RETINAL VASCULITIS ASSOCIATED WITH EPSTEIN-BARR VIRUS INFECTION IN A YOUNG IMMUNOCOMPETENT PATIENT. FIRST COLOMBIAN CASE REPORT

Santiago Sánchez-Pardo^a

Julia Recalde-Reyes^b

Juan Pablo Osorio-Lombana^c

^{^a} Universidad Industrial de Santander - Faculty of Health - Department of Internal Medicine - Bucaramanga - Colombia.

^{^b} Universidad Nacional de Colombia - Bogotá Campus - Faculty of Medicine - Department of Internal Medicine - Bogotá D.C. - Colombia.

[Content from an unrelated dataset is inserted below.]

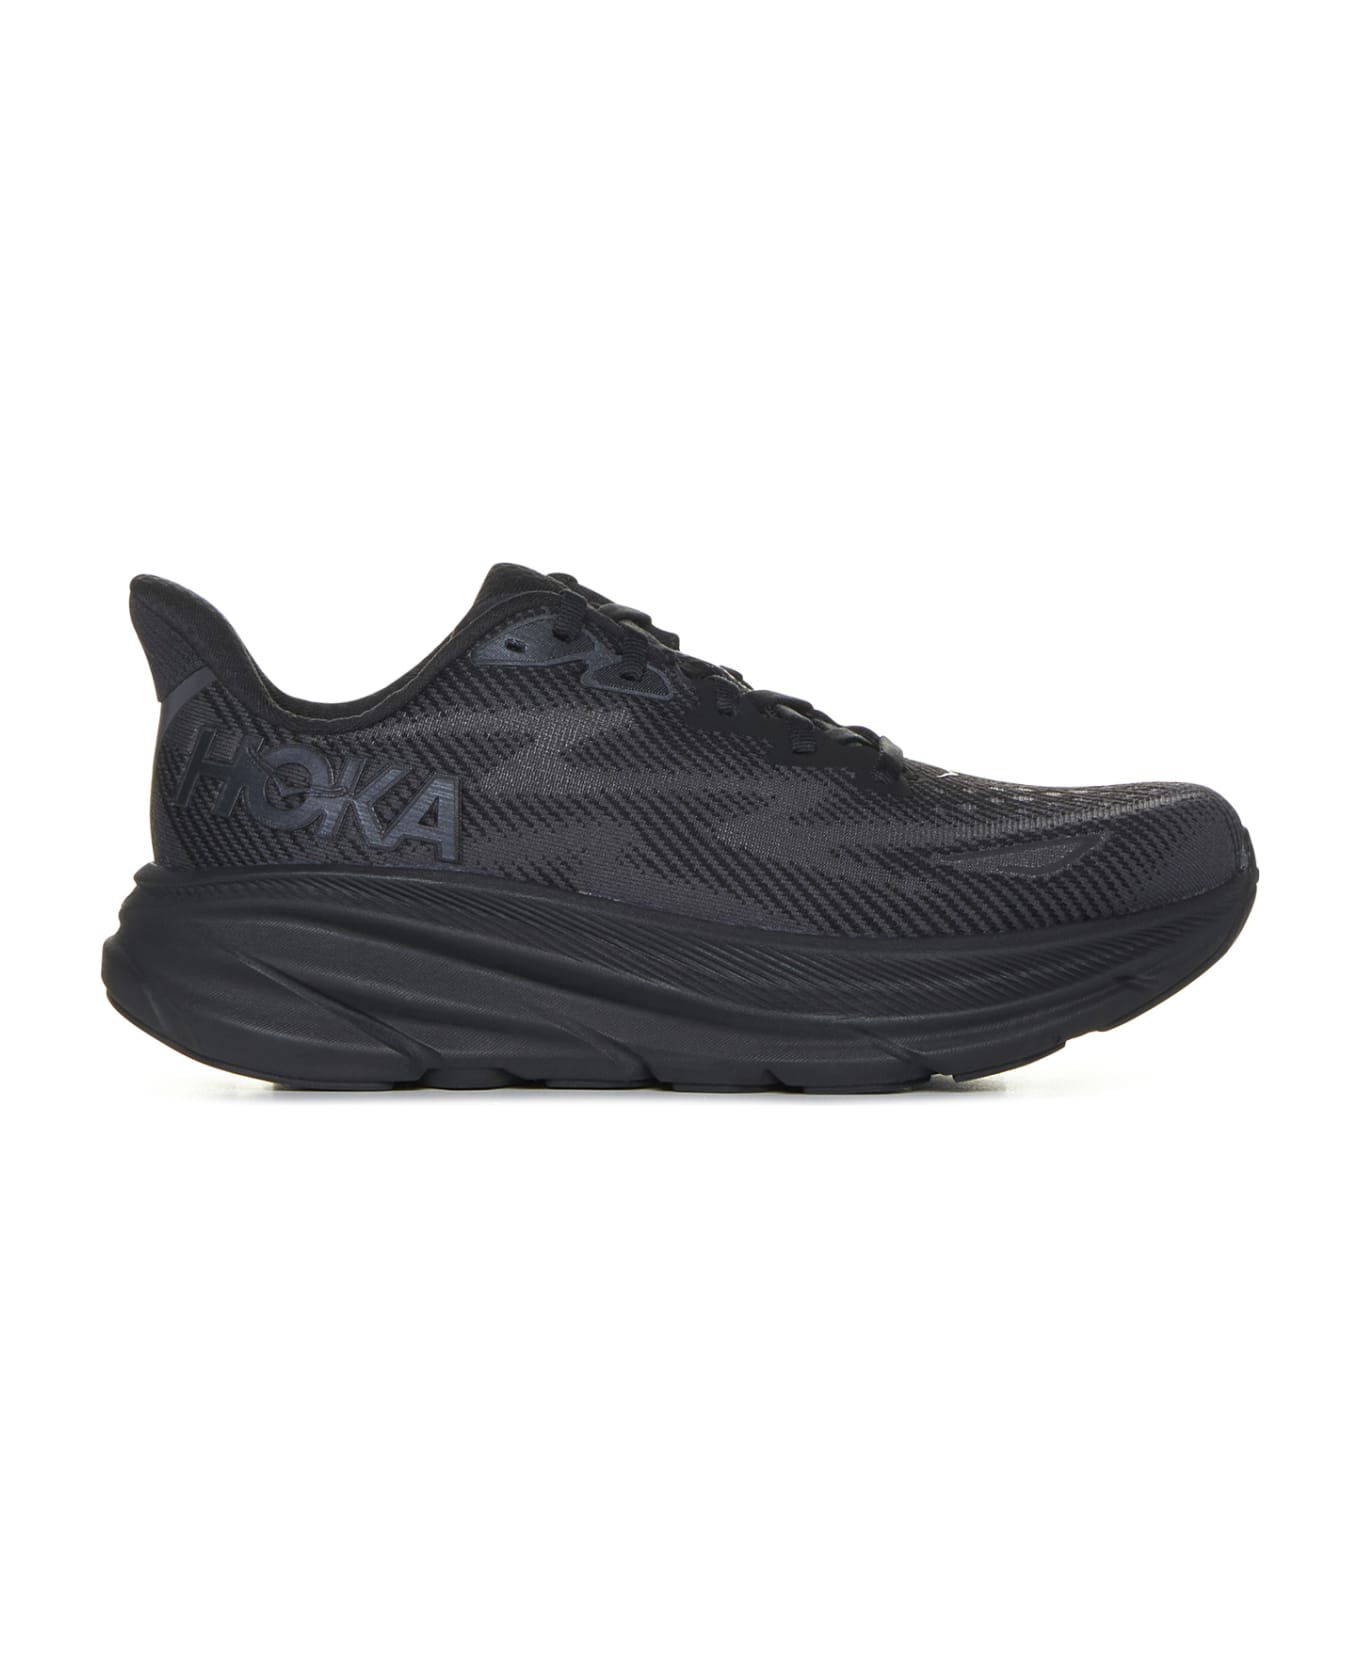 Hoka Sneakers - Black / black スニーカー

^{^c} Universidad Nacional de Colombia - Infectious Diseases Service - Bogotá D.C. - Colombia.

RESUMEN

Introducción.

La infección por virus de Epstein-Barr (VEB) suele ser asintomática y persiste durante toda la vida. La afectación ocular es infrecuente, y aunque existen informes de casos, ninguno de ellos proviene de Colombia o Latinoamérica.

Presentación del caso.

Paciente masculino inmunocompetente con vasculitis retiniana unilateral generalizada, con vasos sin sangre temporales e inferonasales en la periferia, hemorragias intrarretinianas, vitritis intensa y desprendimiento de retina. La presencia de VEB se definió con una técnica de reacción en cadena de la poli-merasa en humor vítreo. El paciente recuperó la agudeza visual con el tratamiento oral antiviral convencional.

Discusión.

La afectación ocular asociada con el VEB se describe en pacientes inmunocomprometidos, en especial con infección por virus de inmunodeficiencia humana donde puede haber afectación retiniana. En este caso particular se discute la presencia de esta patología en pacientes inmunocompetentes.

Conclusiones.

La vasculitis retiniana es una entidad rara con mayor asociación a la inmuno-depresión. No existe un algoritmo de diagnóstico de esta enfermedad y la afectación ocular puede ser variable; tampoco existen líneas estándar de tratamiento. La evidencia reportada en el presente caso podría justificar estudios en pacientes seleccionados que muestran un compromiso de la agudeza visual sin una etiología establecida.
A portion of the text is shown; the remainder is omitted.